Dear HIV-Negative Men:
Stop calling me dirty and disease-ridden! Every single time you call yourself “clean” and “disease-free,” you call me, a person living with HIV/AIDS, “dirty” and “disease-ridden.”
And it hurts. Yes, that's right. I admit it. It hurts my feelings every single time I surf the internet and encounter the words “clean” and “disease-free” in reference to health, and I am not alone.
Using phrases like “clean” and “disease-free” while looking for love and sex only tells the world you're misinformed about safer sex and thoughtless in choosing your words.

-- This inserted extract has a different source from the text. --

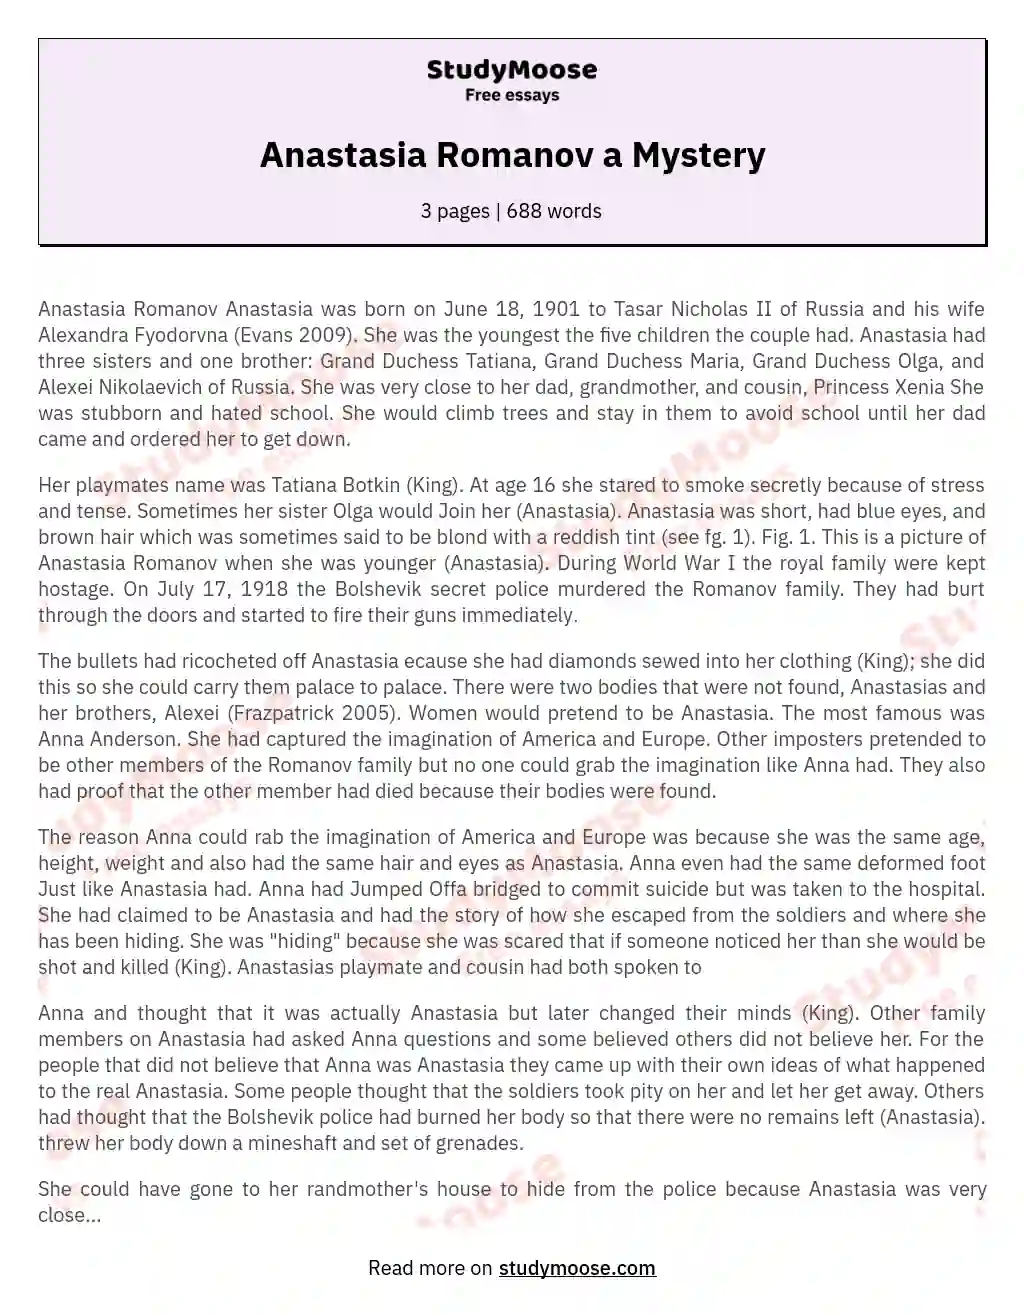 Anastasia Romanov a Mystery

I understand wanting to avoid viruses, but unfortunately, the disease many so-called “clean” and “disease-free” men suffer from is ignorance and a lack of compassion.
THE FACTS:
The medical terms are HIV-negative and HIV-positive.
If you're practicing SAFE SEX, it doesn't matter if your sex partner is HIV-negative or HIV-positive.
If you're practicing UNSAFE SEX with anyone, regardless of HIV status, you're practicing discrimination and not taking responsibility for your own health.
If you're using terms like “clean,” “disease-free,” “DDF,” “bug-free,” “no bugs,” and the like, you're using words that have different meanings to different people.
Using those different words with different meanings while negotiating sex could lead to you yourself becoming the opposite of “clean” and “disease-free.”
Wise up. Think. Does using those harmful words represent you at your best?